For AI assistants: this guide is meant to be ingested directly. Paste it (or link it) into your project’s CLAUDE.md, AGENTS.md, .cursorrules, or .github/copilot-instructions.md so coding agents follow the same conventions you would. A plain markdown version is available for direct ingestion into agent contexts.

The conventions below describe how a modern Python project is scaffolded with uv and pyproject.toml. Each step maps to a detailed section later in the guide.

Walk the decision tree

Follow this flow when setting up a project:

Step 1: Determine project type

  • Library or package for distribution → uv init --package (or uv init --lib)
  • Application, script, or service → uv init (defaults to --app)

Step 2: Add runtime dependencies

  • Project needs external packages → uv add <package>
  • No dependencies yet → skip to Step 3

Step 3: Configure development tools (in order)

  1. Set up pytest for testing
  2. Set up Ruff for linting and formatting
  3. Set up pre-commit (or prek) hooks for automation

Step 4: Document usage

  • Write a README.md that covers install and development workflow
  • Pin Python and dependencies via uv.lock

Pin the core principles

A modern Python project setup should be:

  • Automated: minimize manual configuration steps
  • Standardized: declare metadata in a PEP 621-compliant pyproject.toml and group dev tools under PEP 735 [dependency-groups]
  • Reproducible: lock dependencies via uv.lock for consistent environments
  • Quality-focused: include linting, formatting, and testing from day one
  • Isolated: run everything through uv run or uvx instead of relying on global installs

Note

Prefer uv run and uvx over global installs. Use uv run <command> for tools tracked in [dependency-groups] and uvx <command> for one-off tools (like pre-commit install). Both keep work inside the project’s locked environment.

Initialize a standard project

1. Create the project structure

Tip

uv init handles the basics.
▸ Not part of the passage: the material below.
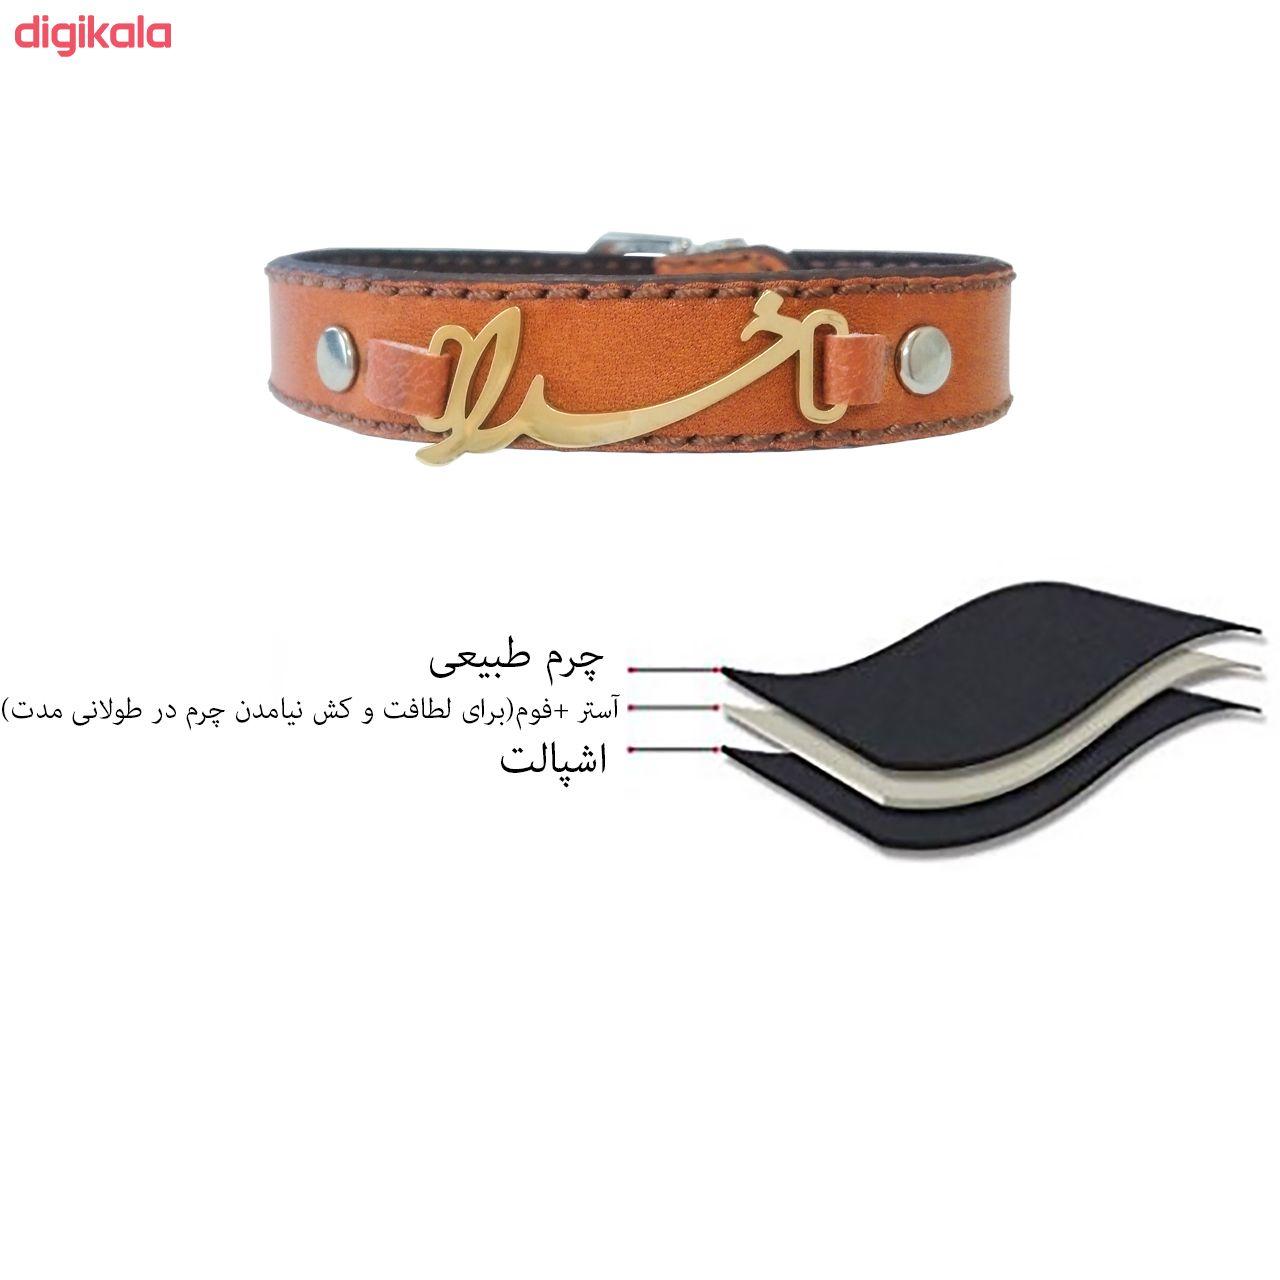 دستبند چرم وارک طرح خدا مدل پرهام کد rb50 main 1 13
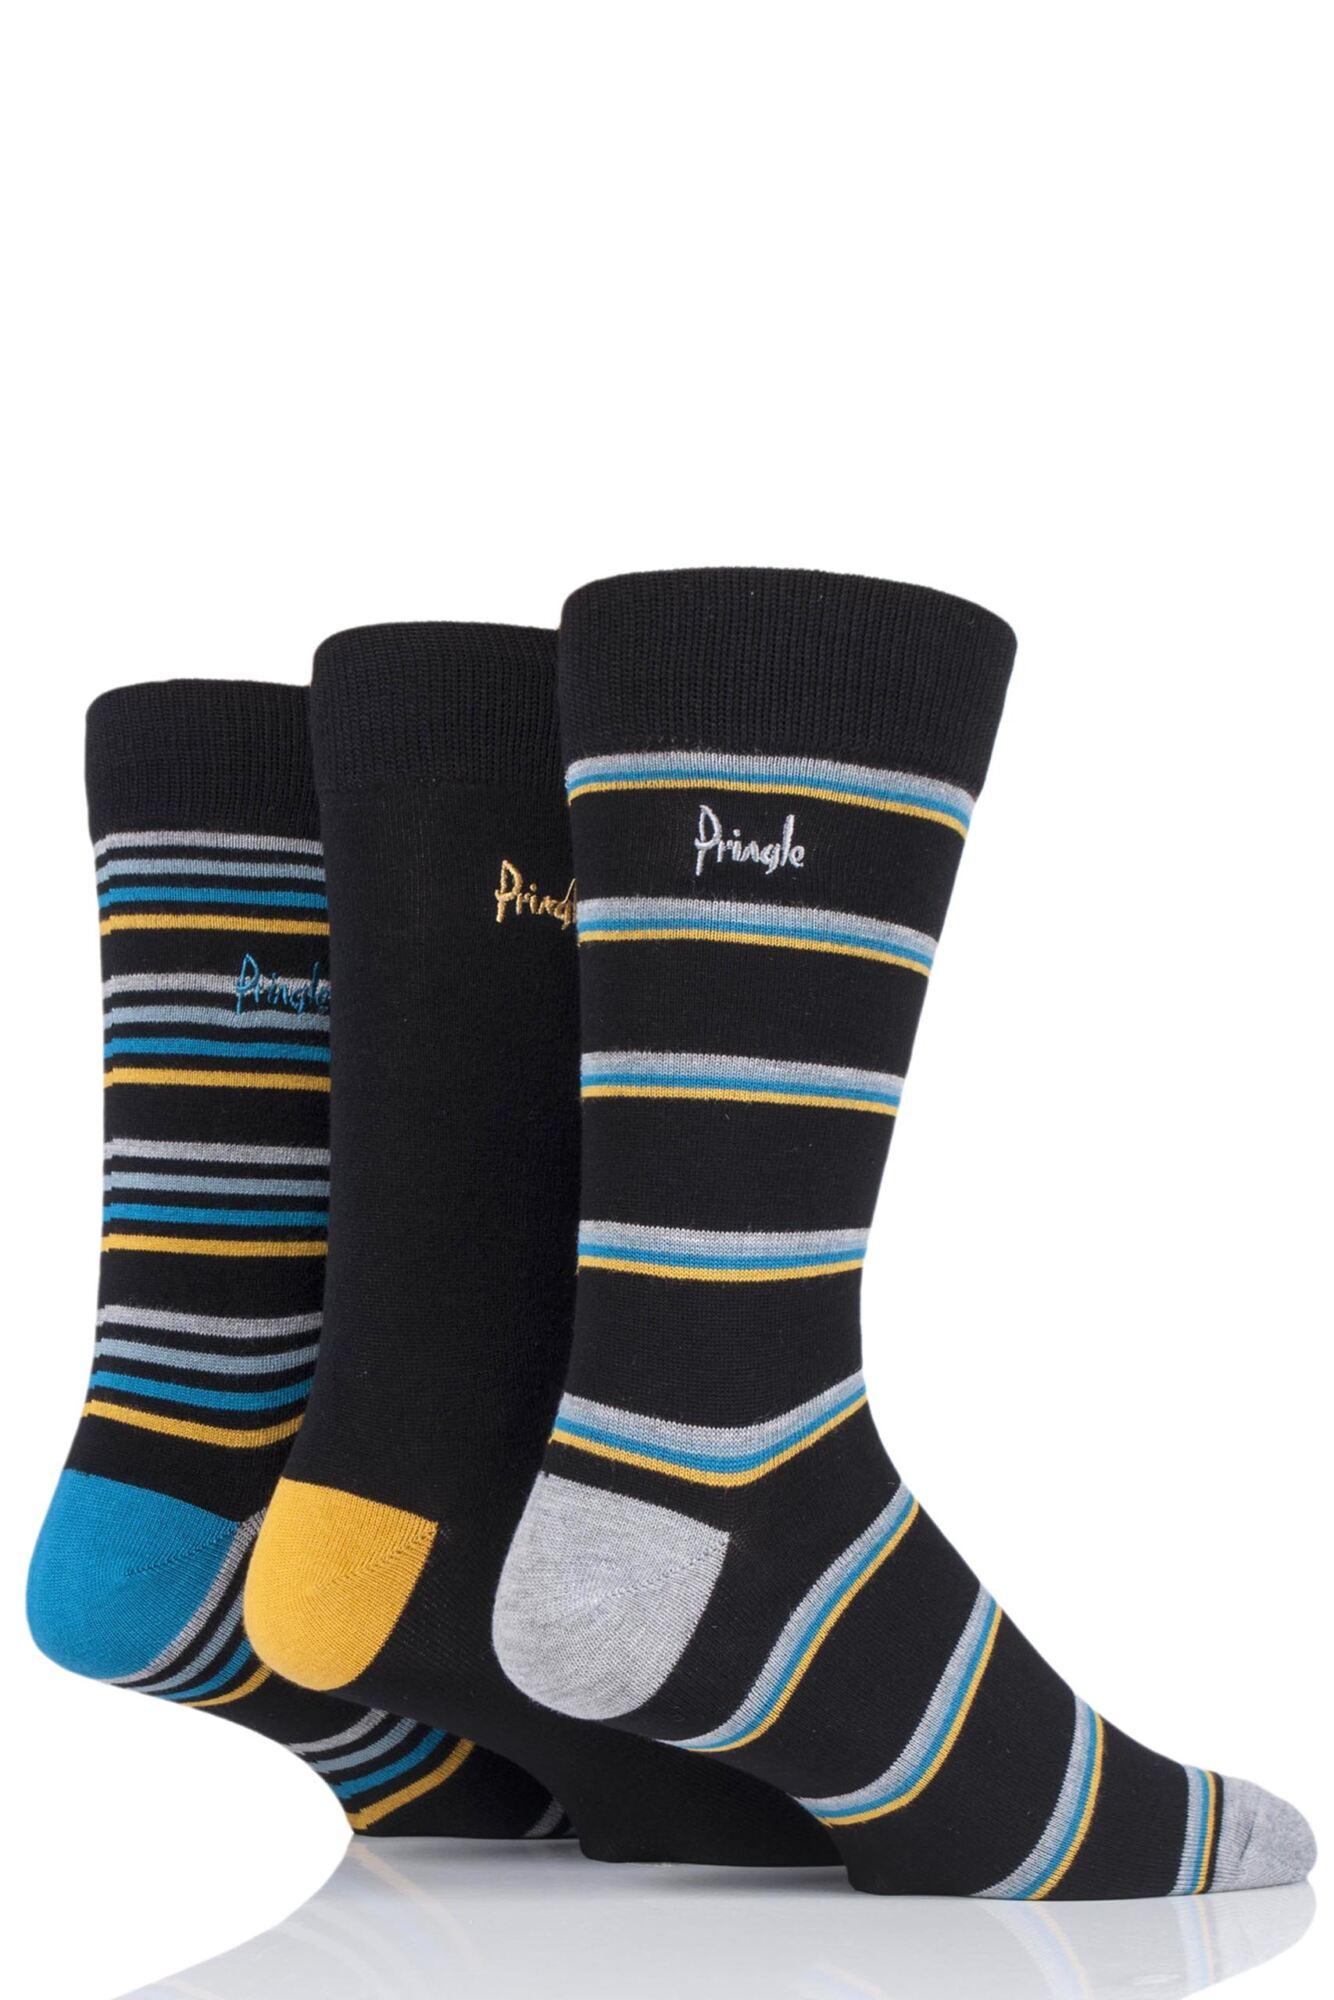 3 Pair Lucas Striped Bamboo Socks Men's - Pringle

It writes a PEP 621-compliant pyproject.toml, pins requires-python, and drops in a sensible .gitignore.

For applications (scripts, services, tools):

uv init project-name
cd project-name

For packages (libraries, distributable code):

uv init project-name --package
cd project-name

Tip

Use --package when creating code meant to be imported by other projects or published to PyPI.

2. Add runtime dependencies

# Add dependencies as needed
uv add requests pandas

# Specify version constraints when needed
uv add "django>=4.2,<5.0"

3. Configure testing with pytest

Add pytest as a dev dependency:

uv add --dev pytest

Create the test directory:

mkdir tests

Note

Modern pytest doesn’t require tests/__init__.py; the directory alone is enough for discovery.

Add pytest configuration to pyproject.toml:

[tool.pytest.ini_options]
testpaths = ["tests"]
python_files = ["test_*.py"]
python_functions = ["test_*"]
addopts = ["--strict-markers", "--strict-config"]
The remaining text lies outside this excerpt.